WHAT YOU WILL DO ▸
Each line from the one containing "Zebra ZD620 printer" to the end of the material below is to be restated exactly, with pictures skipped.

AVAILABLE DATA ▸
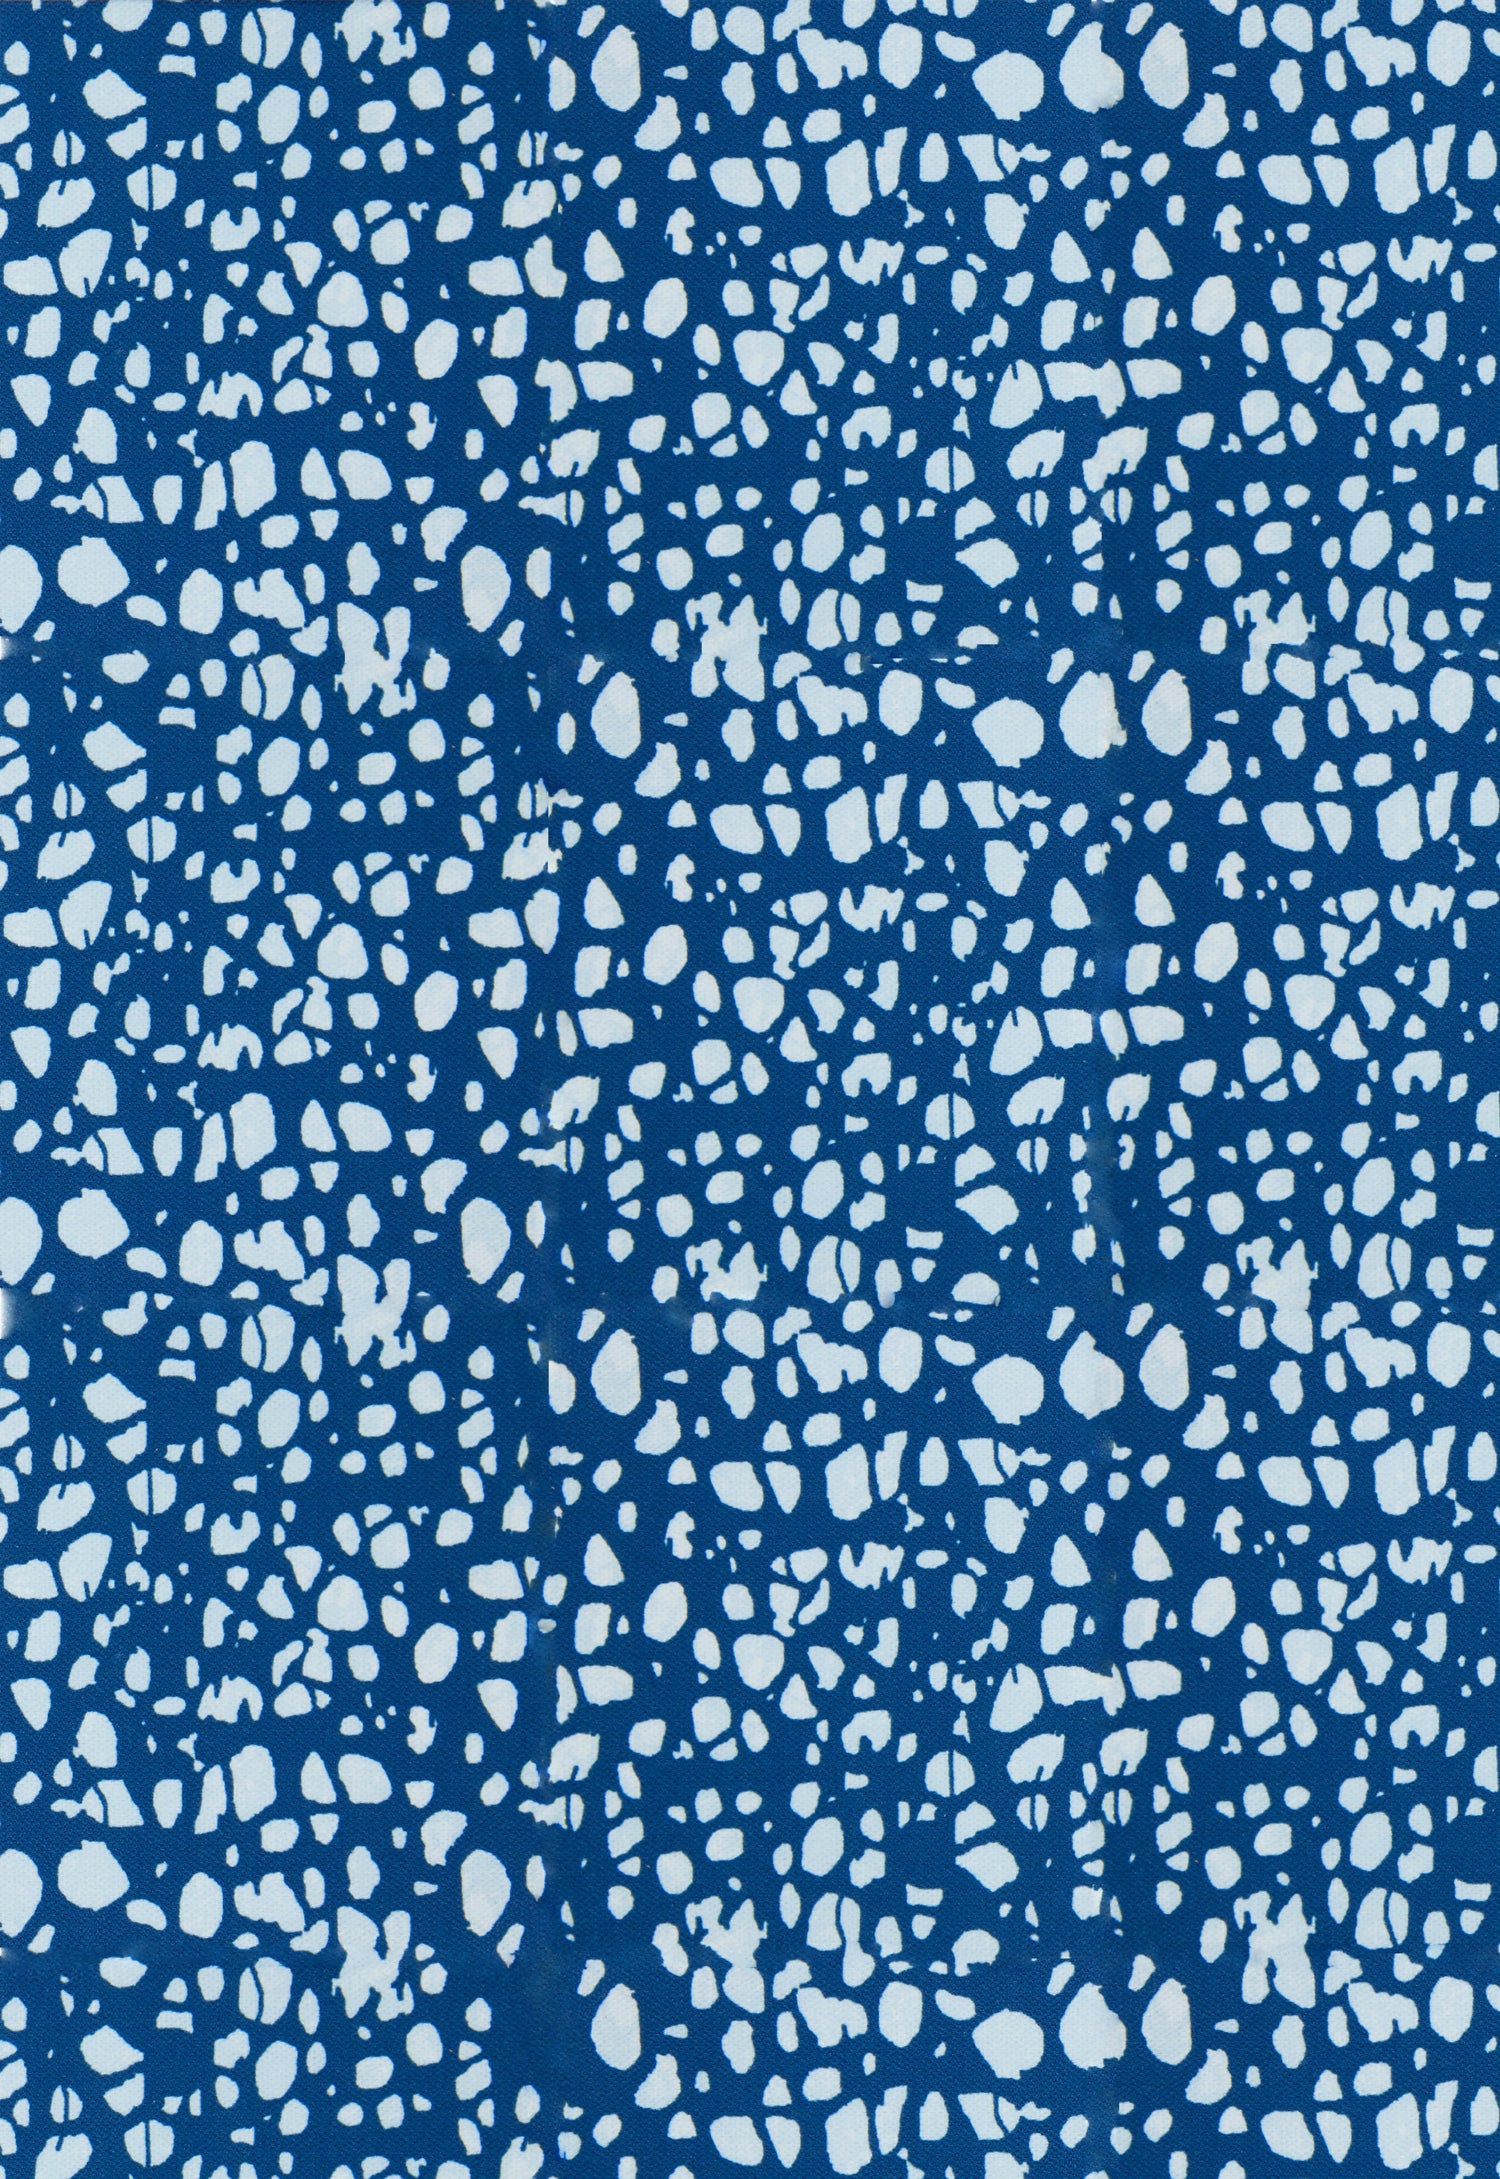 Detail of fabric in a batik splatter print in light blue on a navy field.
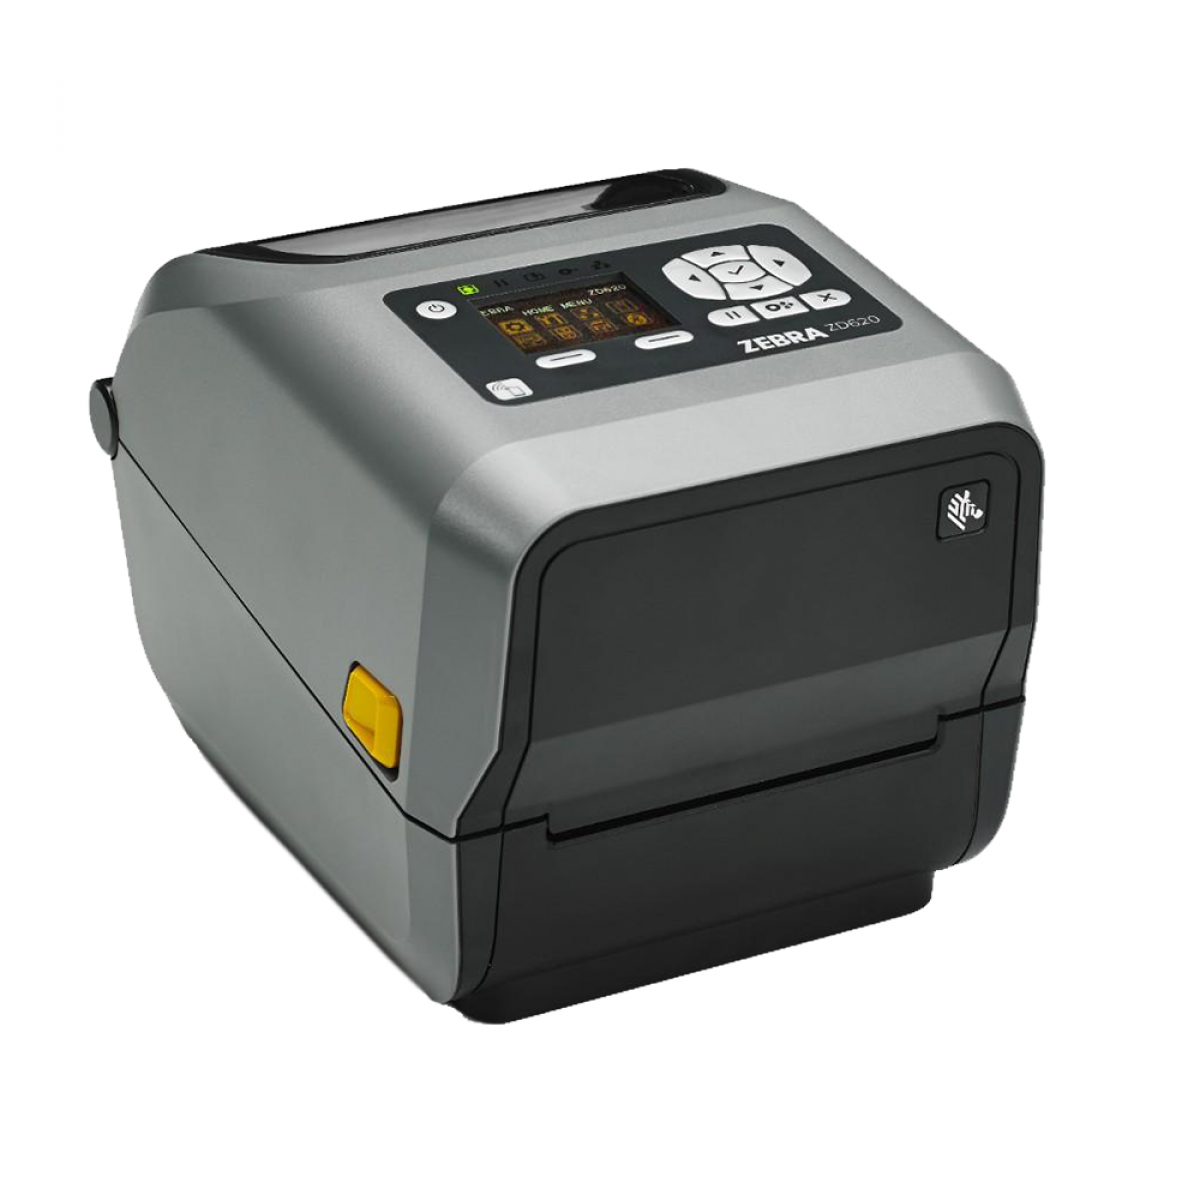 Zebra ZD620 printer - tap & pair mobile devices
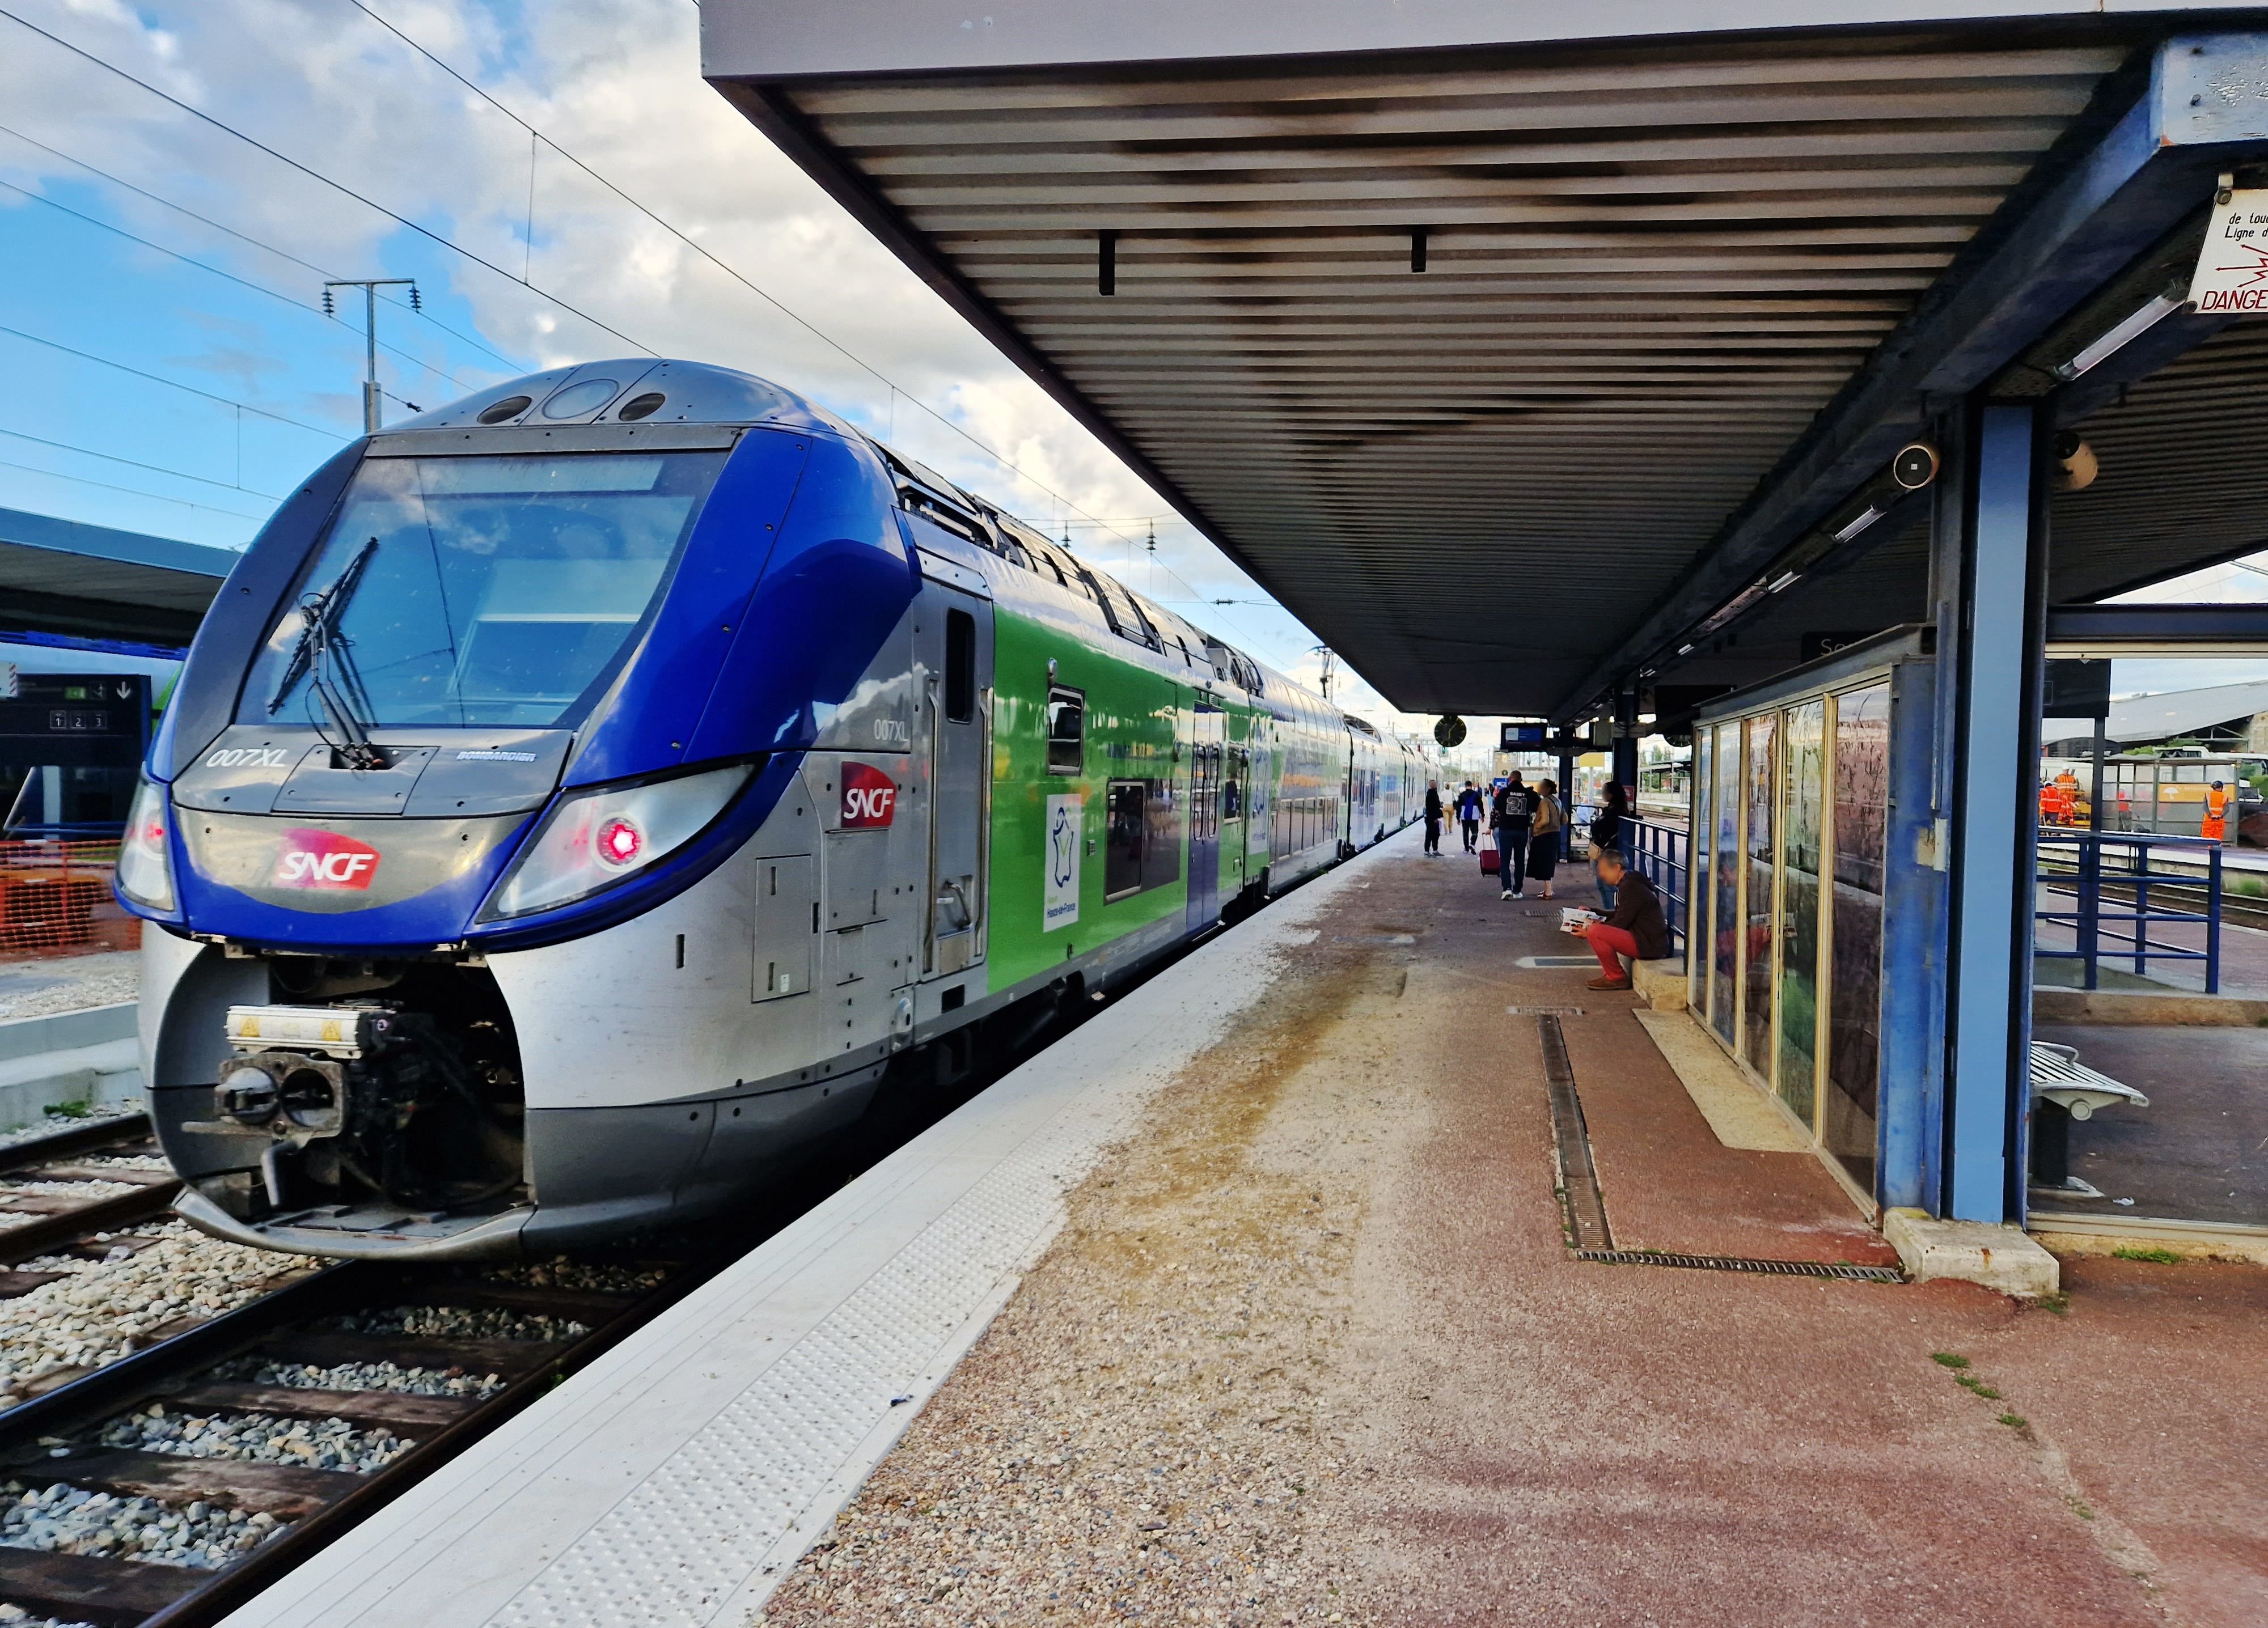 La SNCF a décidé d’interrompre totalement le trafic des TER en région Bretagne, Centre-Val de Loire, Normandie et Pays de la Loire de mercredi soir à vendredi matin. LP/Julien Barbare

EXPECTED ANSWER ▸
 Zebra ZD620 printer - tap & pair mobile devices
 La SNCF a décidé d’interrompre totalement le trafic des TER en région Bretagne, Centre-Val de Loire, Normandie et Pays de la Loire de mercredi soir à vendredi matin. LP/Julien Barbare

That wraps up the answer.